Coal is often blamed for the black smog lingering over Beijing. Since China declared war on pollution, regulations have been put in place to solve air pollution from burning coal. But what will actually drive coal reform is water. The government knows this and coal reform is needed to protect limited water resources.

Over 50% of industrial water is used in coal and related industries. Moreover, coal and coal-related industries such as thermal power, mining, steel, cement and chemical have all been singled out by the MEP amongst the 16 highly polluting industries. Given six out of these 16 industries are related to coal, it is not difficult to see why the War on Pollution means a coal clean-up. Moreover, a recent MEP study revealed the external environmental cost of coal in 2010 to be RMB555.54 billion. This is 2.3x of the total environmental protection expense and a quarter of coal industrial output value in 2010.

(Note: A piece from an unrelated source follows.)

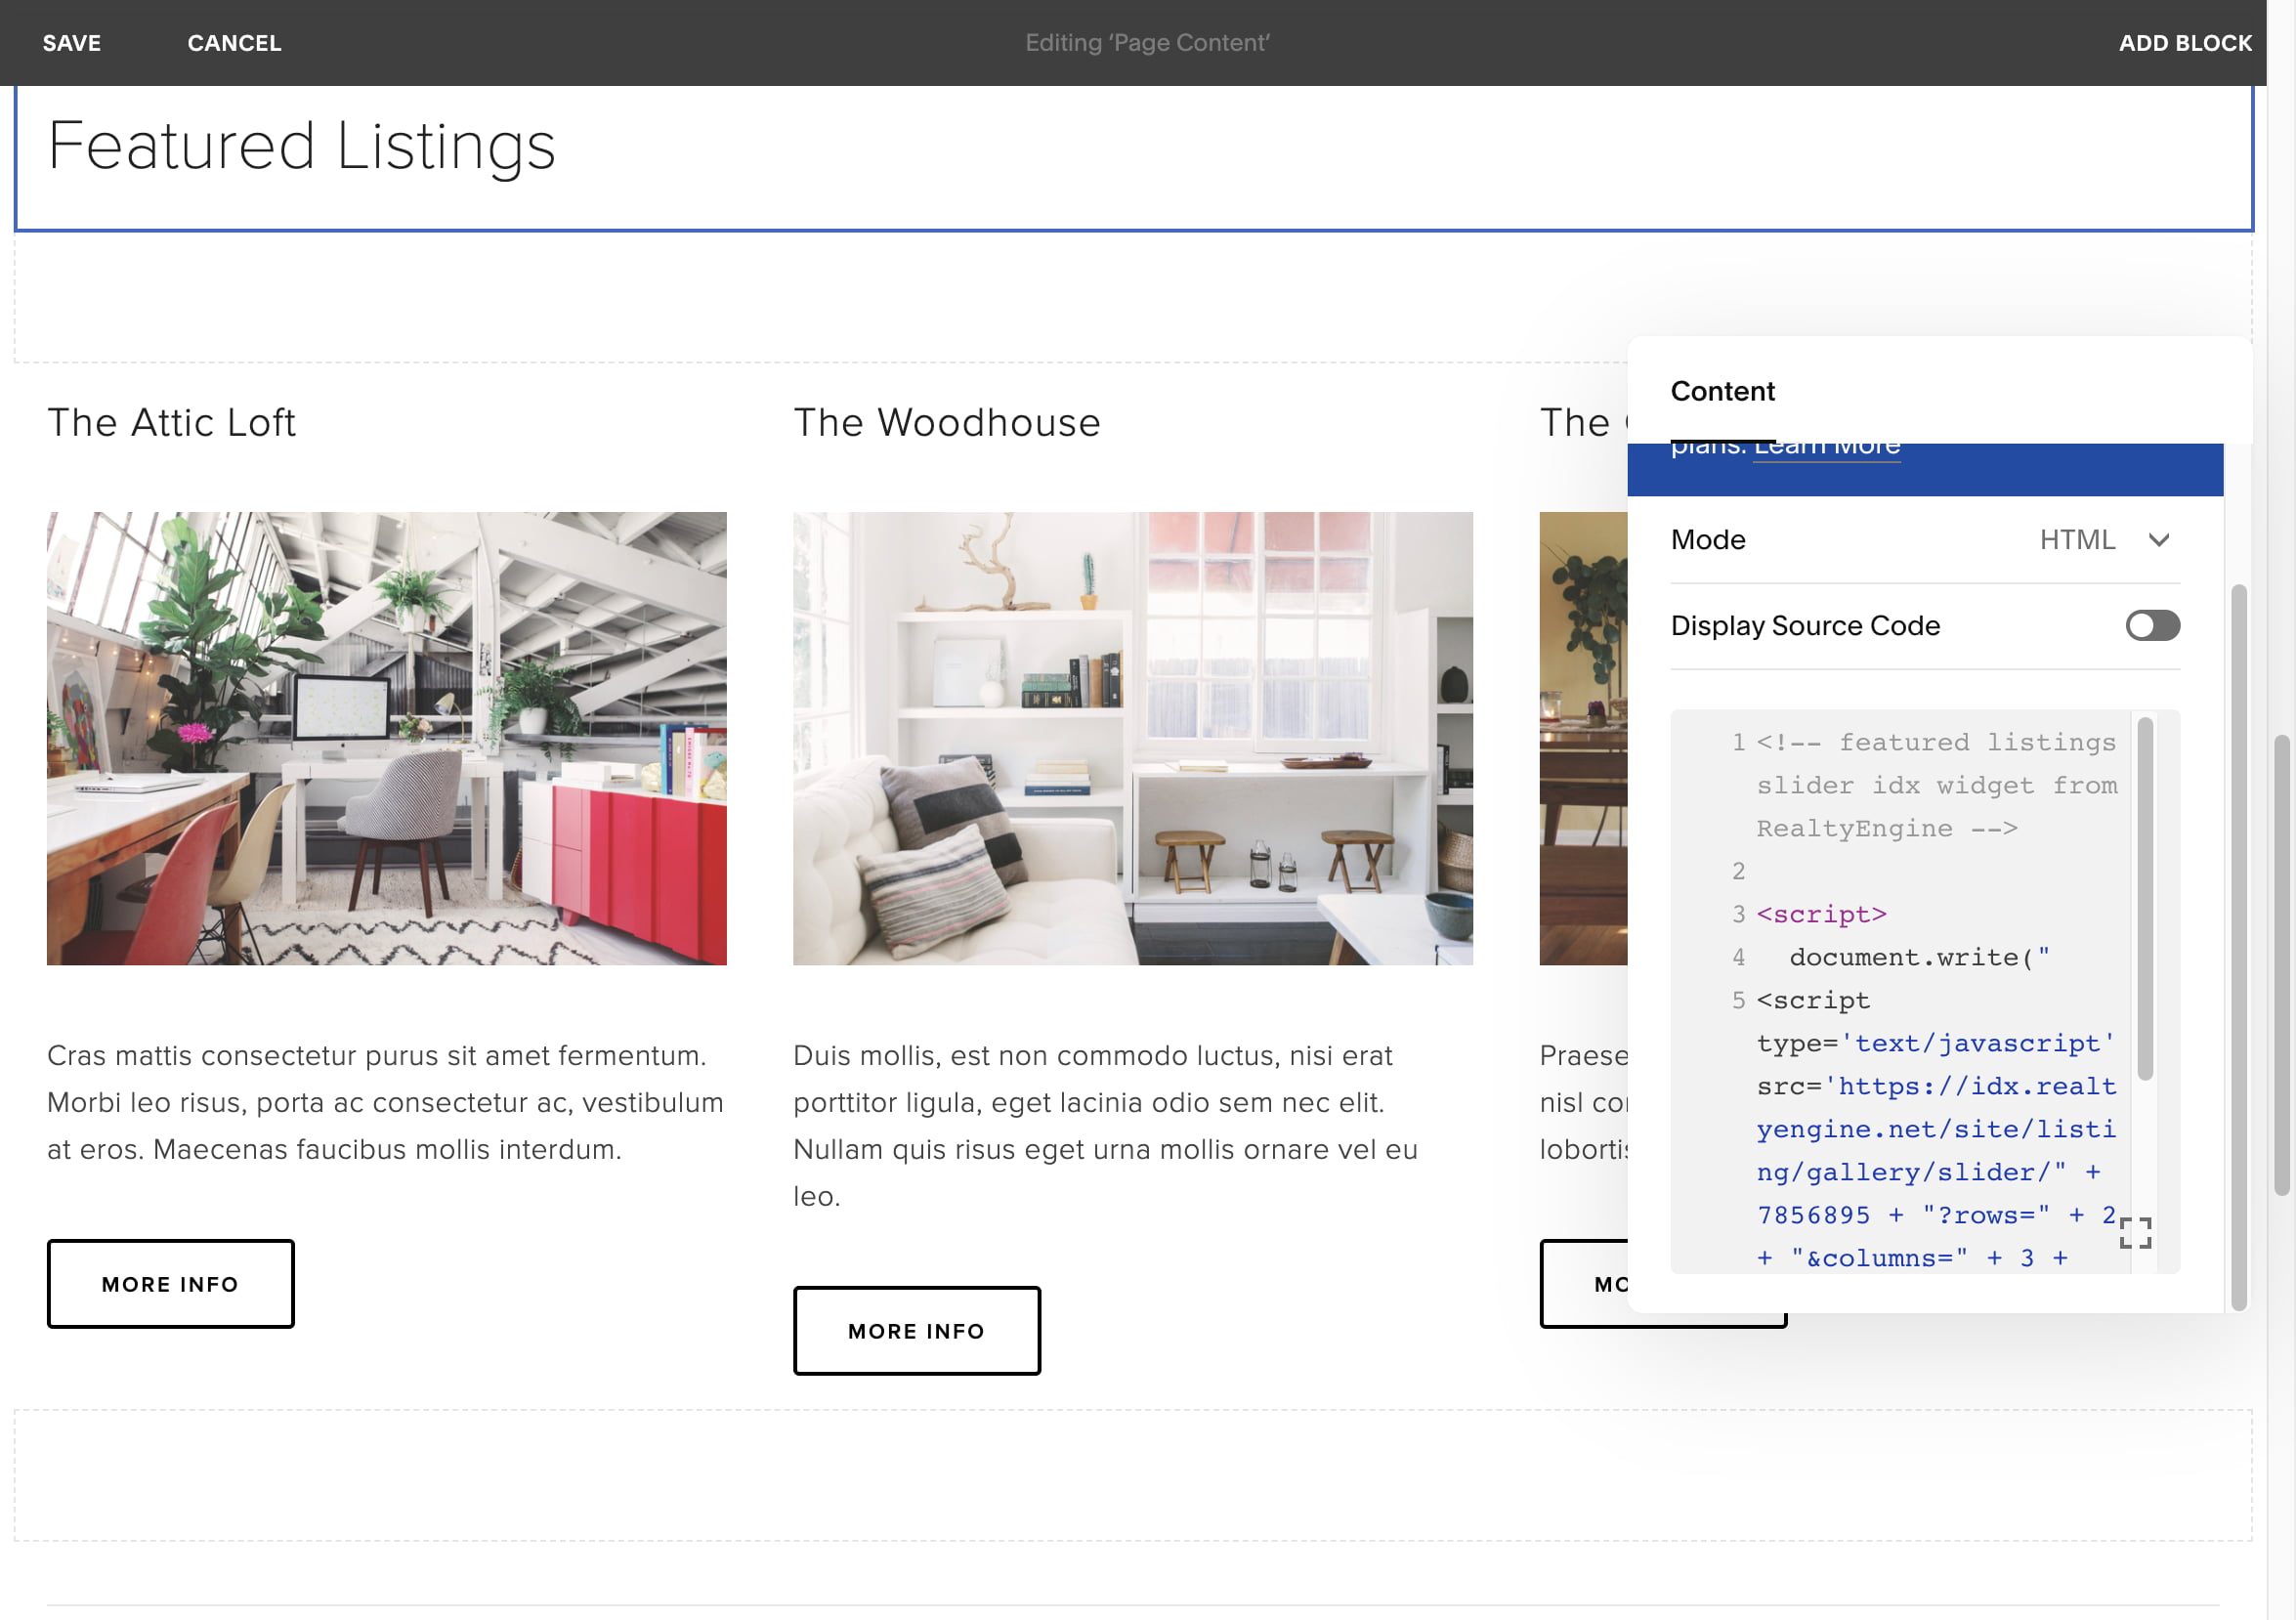 Screenshot of IDX added to a website

2010 Environmental Cost of Coal 2.3x Total Public Expense on Environmental Protection

Government’s Water-for-Coal plan controls water allocation in coal and coal-related production

The MWR’ Water-for-Coal Plan issued on 17 December 2013 pertains to the development of large scale coal bases in China and includes:

1. Total water use by coal bases & power generation

Total water allocation control for coal bases to be “taken seriously”

Up to 83% of China’s coal lies in water scarce and water stressed regions. As such, the government is promoting clean coal production and wants to increase the coal mine water utilization rate up to 75% by 2015 according to the Energy Development 12FYP.

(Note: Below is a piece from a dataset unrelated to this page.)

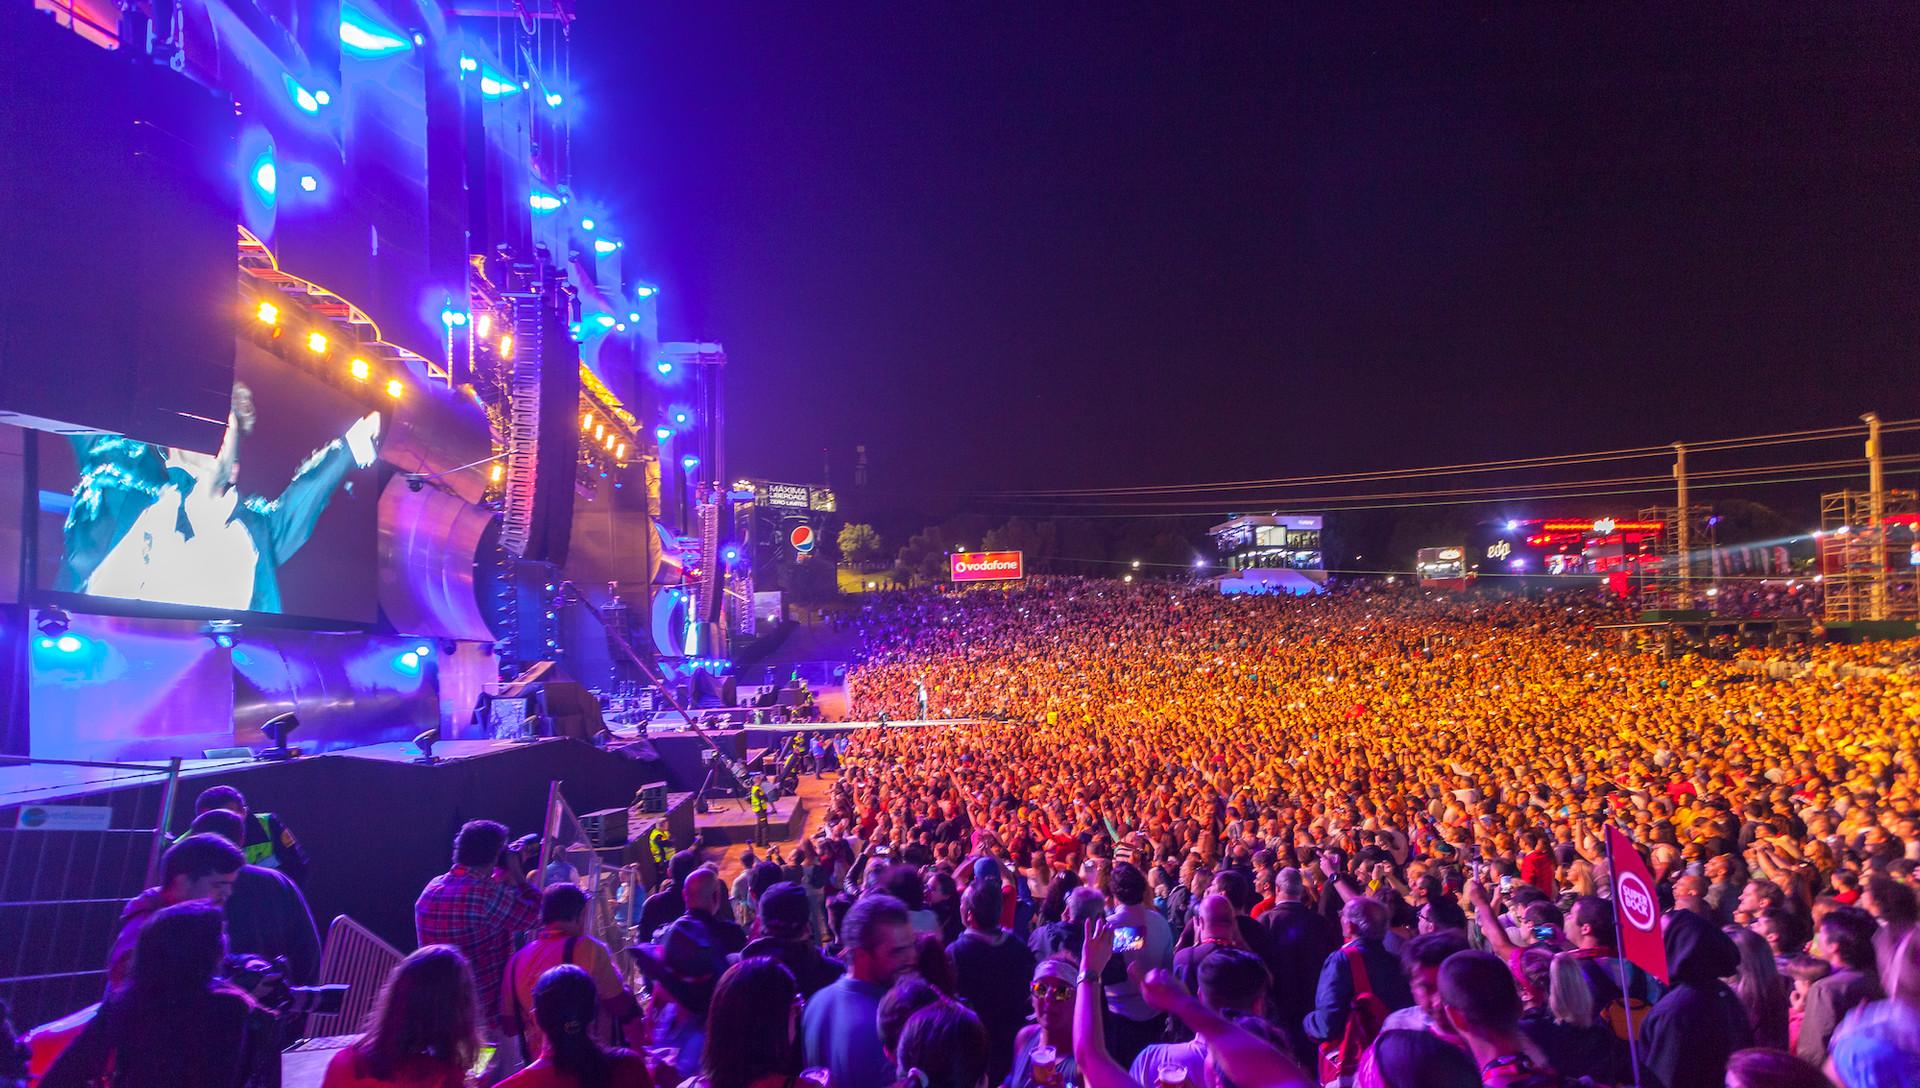 ROCK IN RIO - WORLDWIDE

Water use must be within provincial quotas

China’s top four coal mining provinces (Inner Mongolia, Shanxi, Shaanxi and Henan) produced 2.64 billion tonnes or 72% of coal production in 2012. 24 bathtubs of water are required to produce one tonne of coal yet these four provinces only have 3.9 – 28.1 bathtubs per person per day (see how thirsty coal is here)

MRW’s Water-for-Coal Plan wants annual water consumption per MW of coal-fired power installed capacity to be 2.52 million m3
…  and State Council wants coal-fired boilers to be upgraded

Water usage coordination between coal mines & coal fired power plants

Coal-fired power plants need large amounts of water for cooling. The Water-for-Coal Plan wants to promote air-cooling technology in power generation in water scarce regions and reduce the annual water consumption per million kW of coal-fired power installed capacity down to 2.52 million m3 or 0.1 m3 per second per million kW.

Differentiation between surface and groundwater use

Stricter use of surface water and prohibited use of groundwater is expected with the exception of mine drainage . In China, 95% of coal is mined underground and an estimated 1m3 of groundwater reserves are destroyed per tonne of coal mined. In the North China Plain, over 70% of deep and shallow groundwater is polluted.

2. Water efficiency in coal & coal-related industries

Implementation of water efficiency measures for newly built coal-fired power plants with a “first save water, then use water mentality”

Coal-fired power plants, especially those located in water-scarce regions, are encouraged to prioritize water reuse & water-efficient technologies (see “Spend to Quench Coal Thirst“)

Implementation of water efficiency measures for development of coal bases

State Council’s Energy Saving and Low Carbon Development for 2014-2015 Action Plan issued on 26 May 2014 encourages clean coal consumption and updating outdated coal-fired boilers.

In July 2014, the Ministry of Industry & Information Technology ordered a list of companies in several polluting industries to replace/upgrade their outdated equipment and shed excess production capacity by the end of September 2014. 44 coking and 381 cement factories were named. Those not on the list but also with outdated equipment or excess capacity are expected to do the same by the end 2014.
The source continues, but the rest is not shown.